EXERCISE AIM
Nothing but the lines from the one containing "Cientos de trabajadores" through the end of the data below should appear in the answer, each exact and free of pictures.

DATA PROVIDED
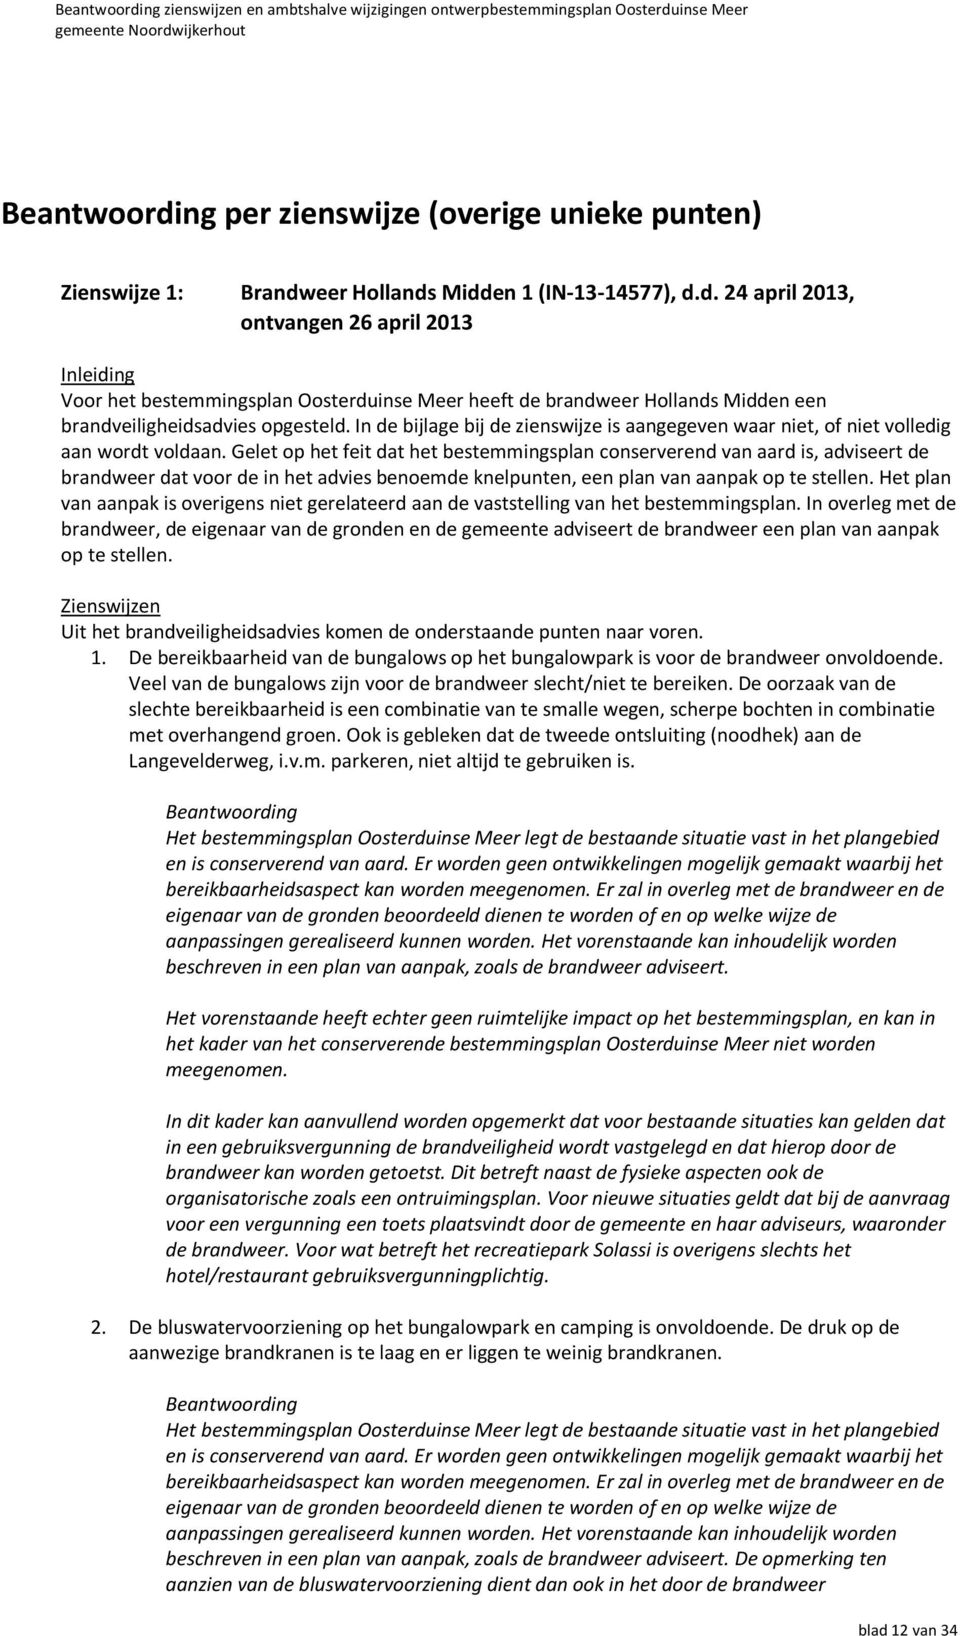 eer Hollands Midden 1 (IN-13-14577), d.d. 24 april 2013, ontvangen 26 april 2013 Inleiding Voor het bestemmingsplan Oosterduinse Meer heeft de brandweer Hollands Midden een brandveiligheidsadvies opgesteld.
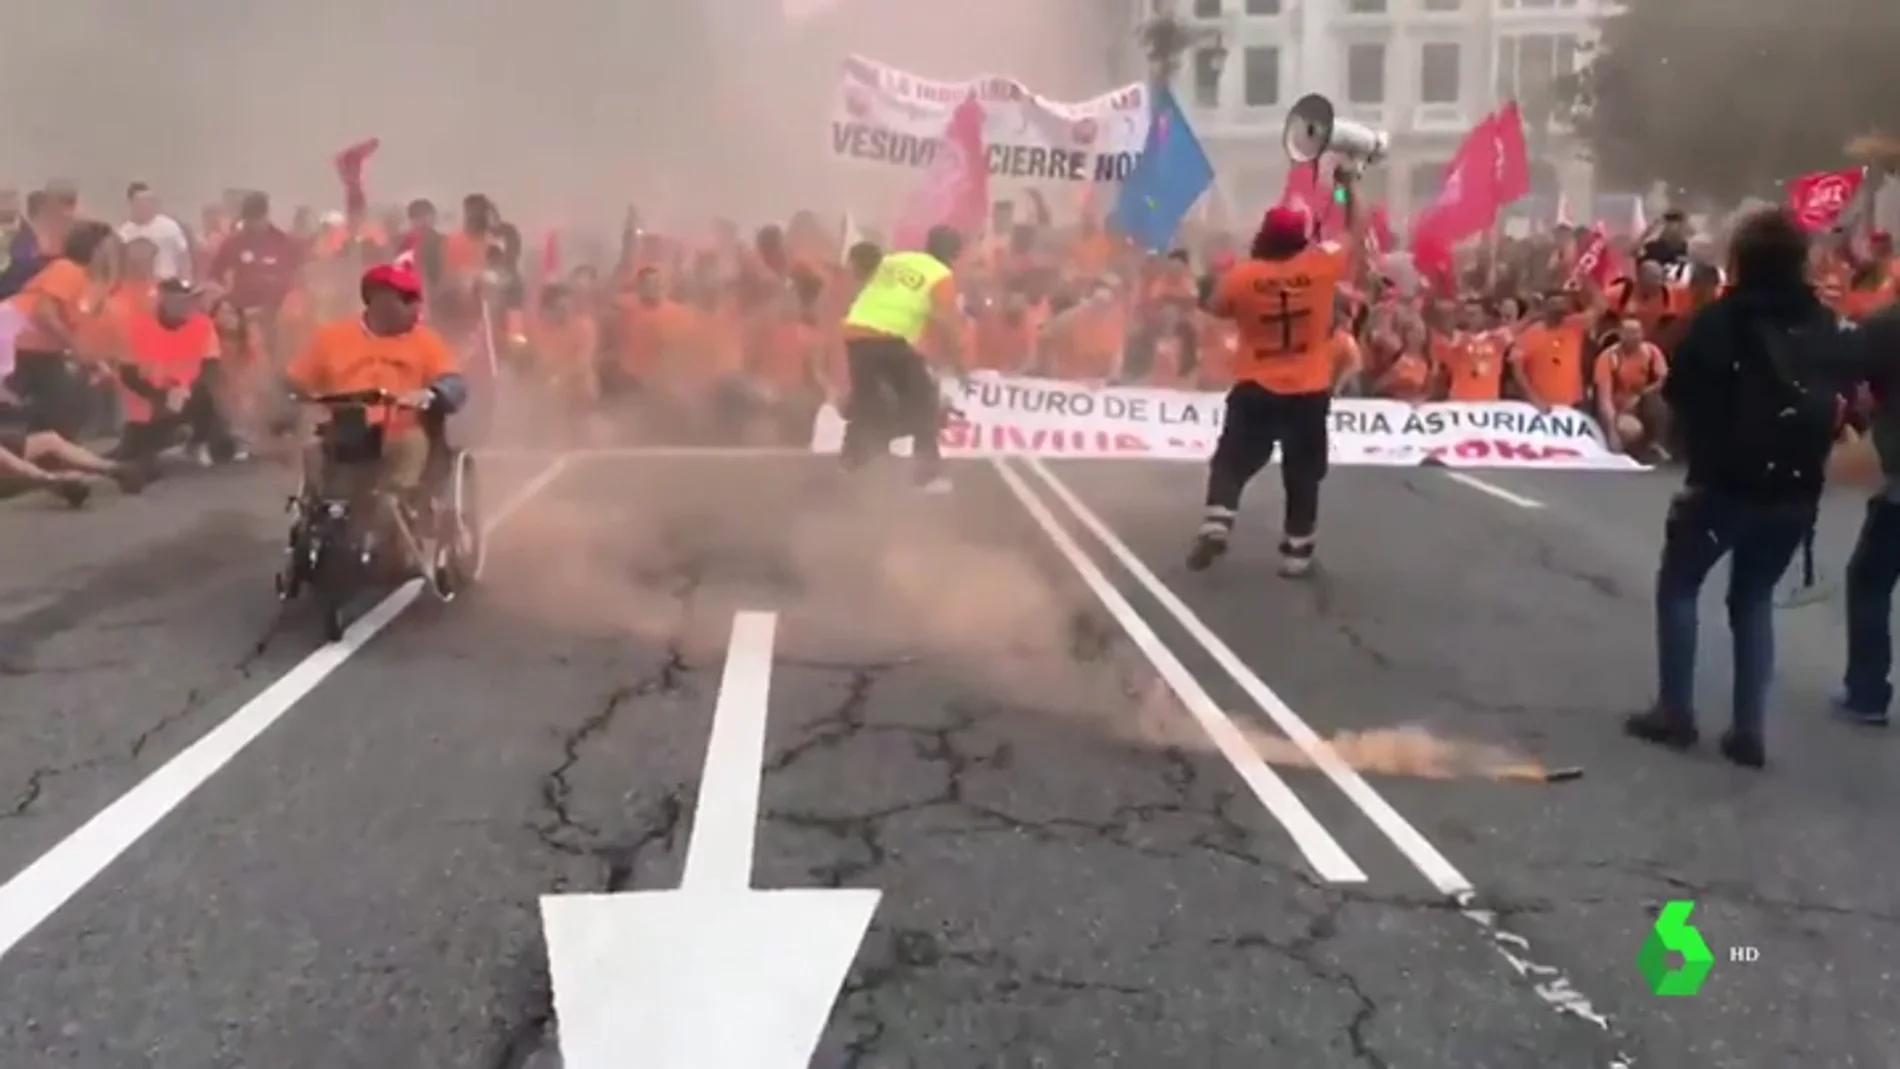 Cientos de trabajadores marchan contra el cierre de Vesuvius
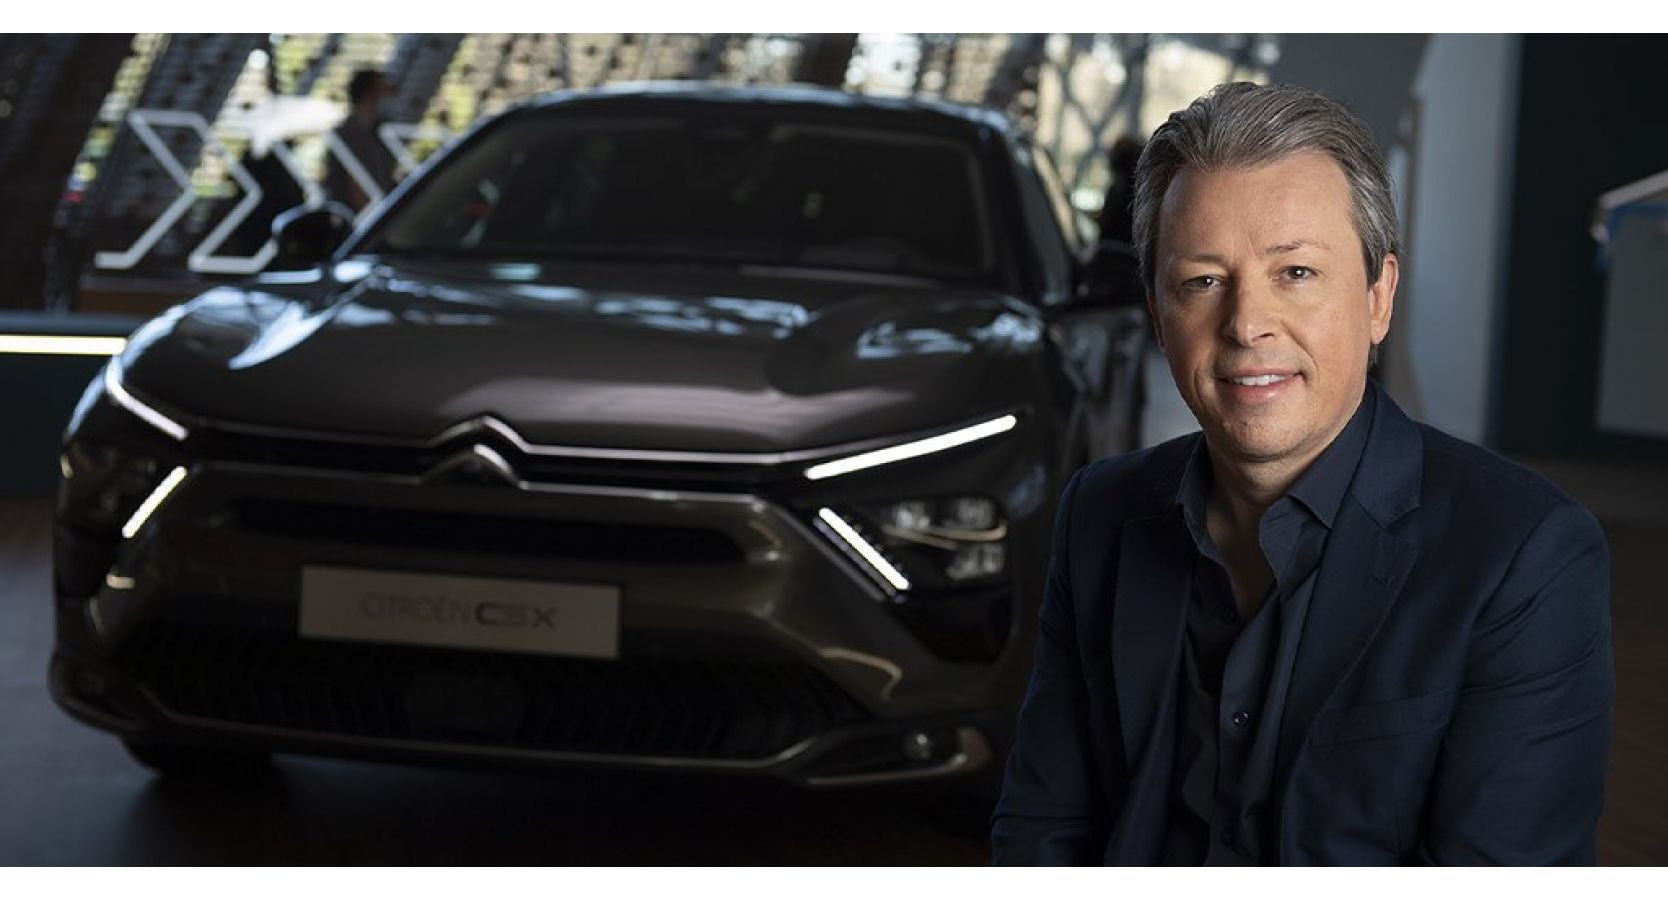 Citroën Talks: “Pensar diferente y proponer soluciones disruptivas, eso es Citroën”, Pierre Leclercq, Director global de Diseño

RESULT
 Cientos de trabajadores marchan contra el cierre de Vesuvius
 Citroën Talks: “Pensar diferente y proponer soluciones disruptivas, eso es Citroën”, Pierre Leclercq, Director global de Diseño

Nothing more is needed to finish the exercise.